Mary-Claire King, PhD, is a Senior Associate Core Member of the New York Genome Center (NYGC). In her consulting role at the NYGC, Dr. King focuses on neuropsychiatric disease genomics, working closely with Thomas Lehner, PhD, MPH, Director of Neuropsychiatric Disease Genomics, NYGC, and serving as a senior advisor to both Dr. Lehner and NYGC Evnin Family Scientific Director Tom Maniatis, PhD.

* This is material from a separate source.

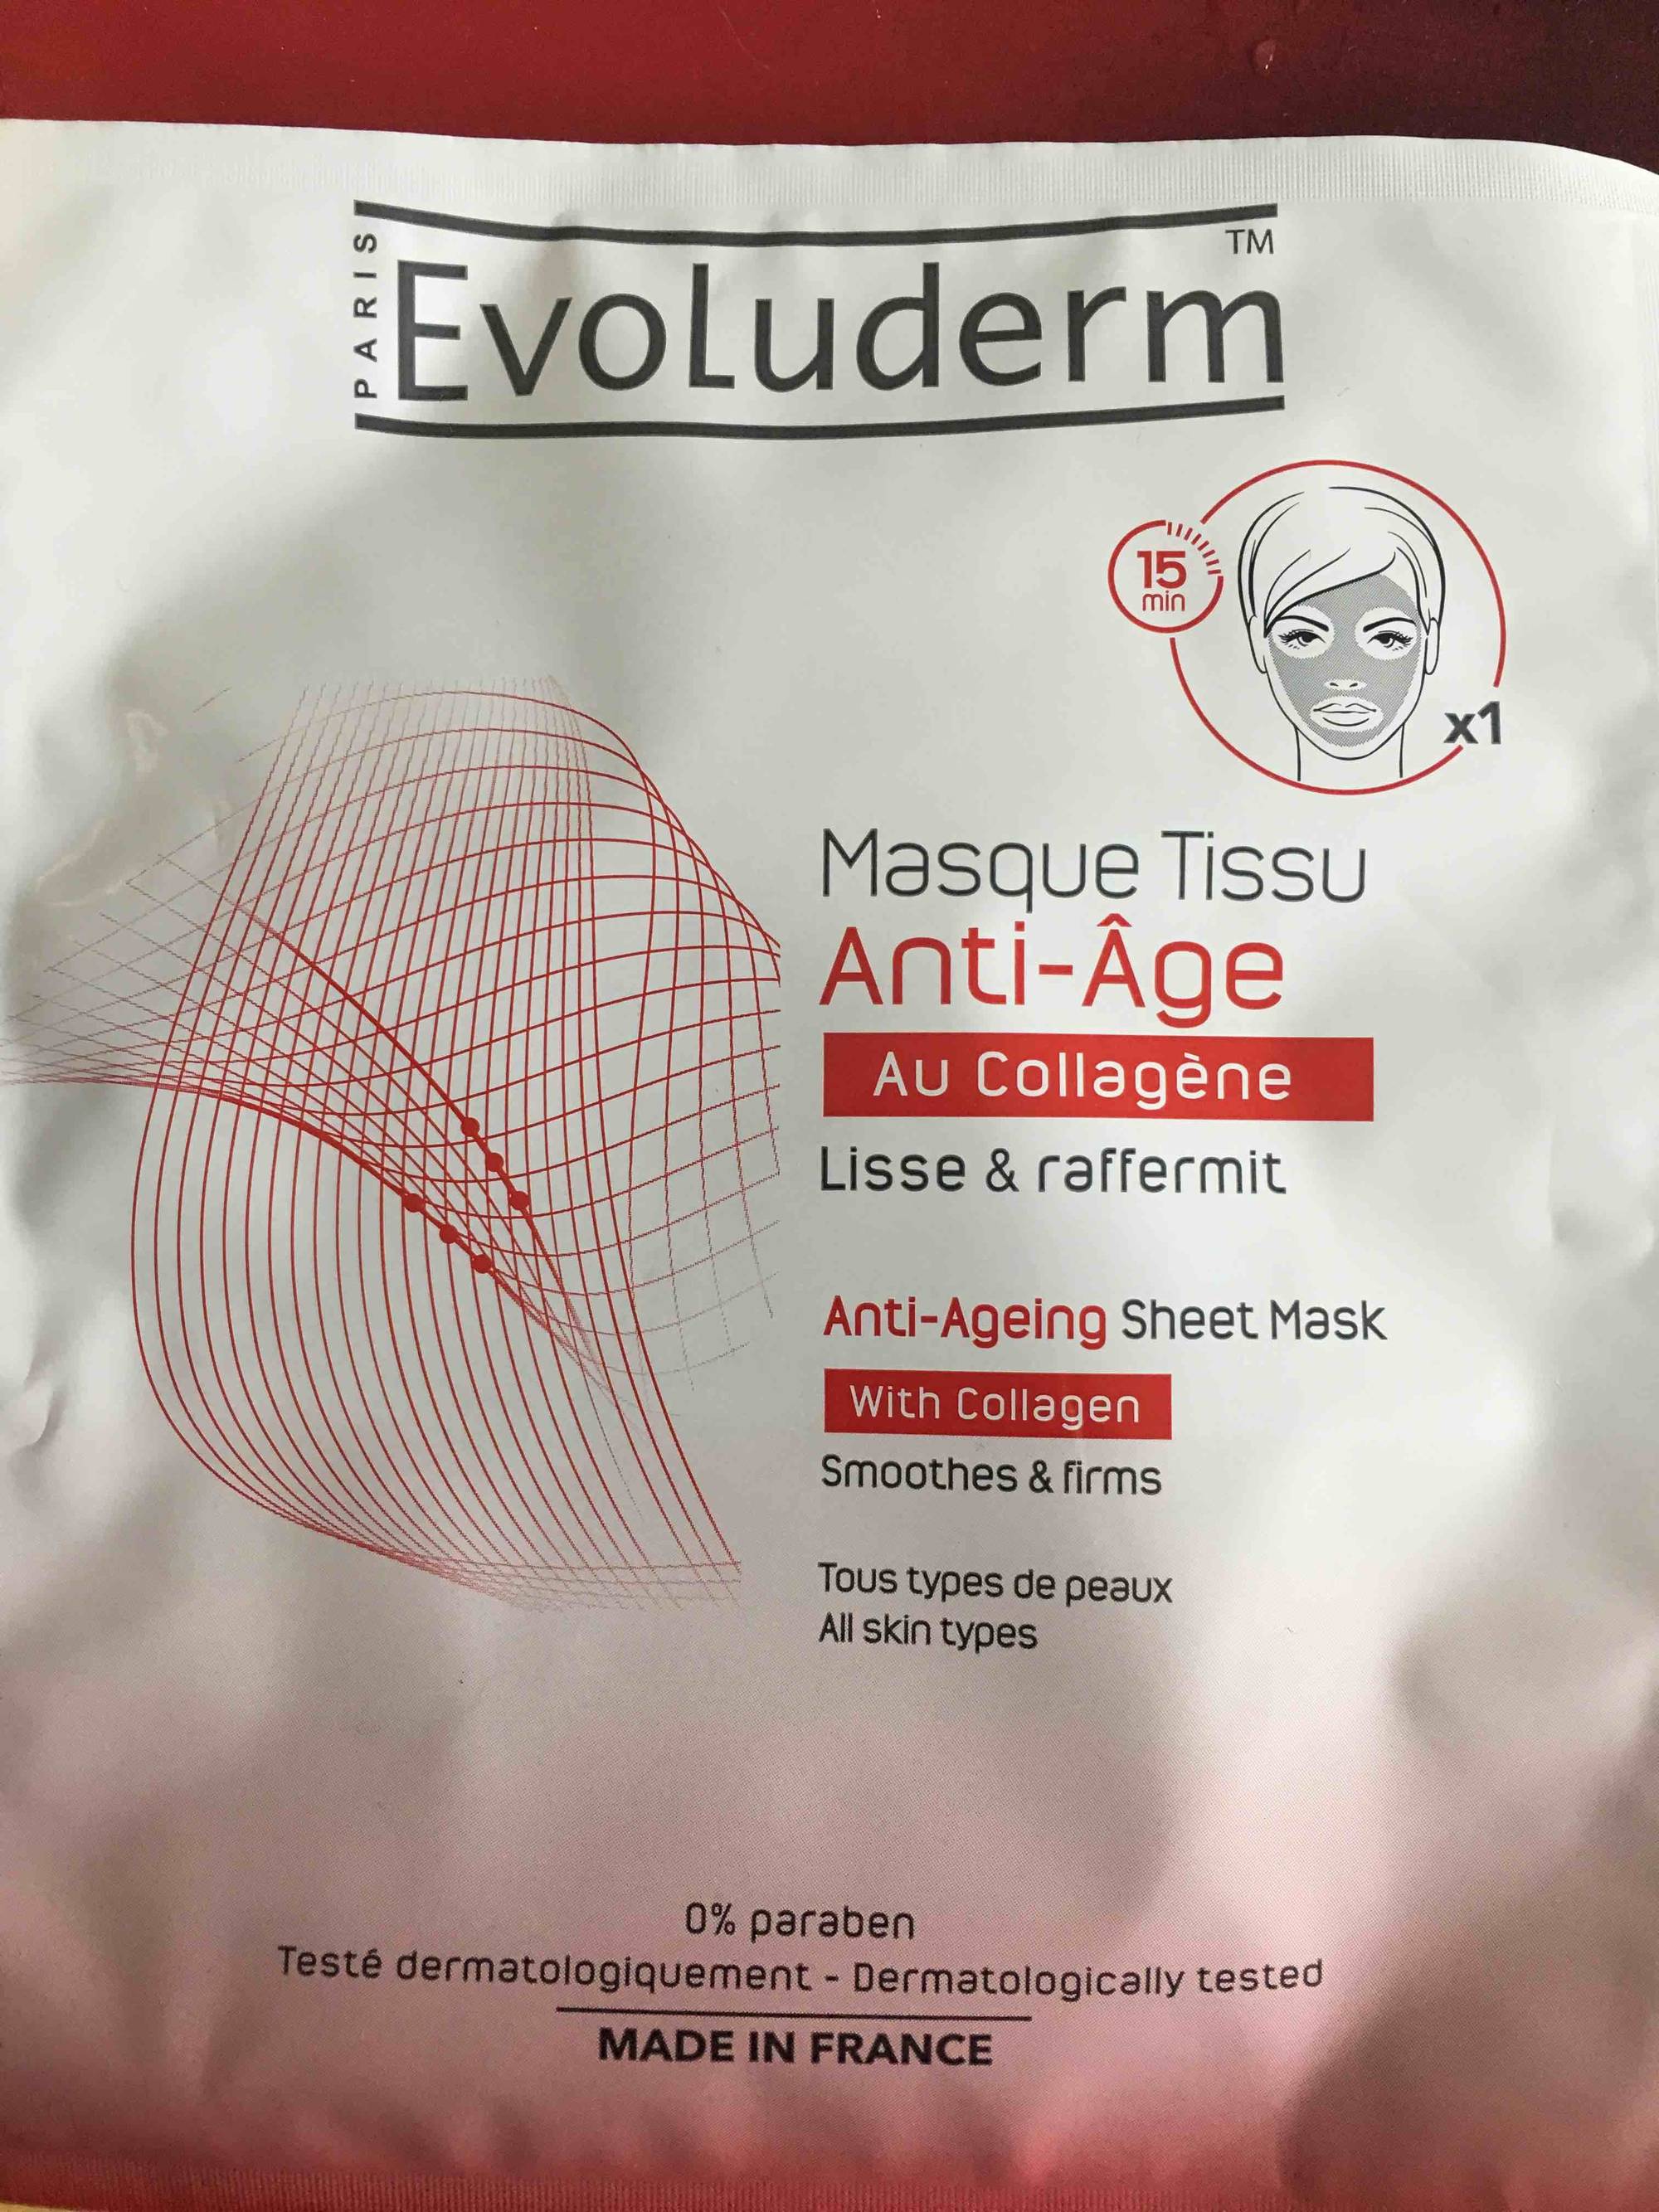 EVOLUDERM - Masque tissu anti-âge au collagène

Dr. King is an internationally renowned geneticist who is the American Cancer Society Professor in the Departments of Genome Sciences and Medicine at the University of Washington. She studies the genetics of complex, common human conditions. Her primary areas of interest are breast and ovarian cancer and genetic influences on major mental illness, especially schizophrenia. She was the first scientist to show that breast cancer is inherited in some families as the result of mutations in the BRCA1 gene. This discovery and her subsequent research on the genetics of schizophrenia and of hearing loss have helped transform the understanding of complex disease inheritance. Recognized as a pioneer in the development of DNA sequencing for human rights investigations, Dr. King has carried out identification of victims of human rights violations for the United Nations War Crimes Tribunal. She has served as consultant to the Commission on the Disappearance of Persons of the Republic of Argentina.
Dr. King joined the faculty of the University of Washington in 1995. Prior to that, she was professor of genetics at the University of California, Berkeley from 1976 to 1995. She is past president of the American Society of Human Genetics and has served on numerous government panels and with private organizations, including the National Academy of Sciences, the National Institutes of Health, the National Cancer Institute, and the Robert Wood Johnson Foundation. She also has served on the editorial boards or reviewing panels of many publications, including Science and Nature.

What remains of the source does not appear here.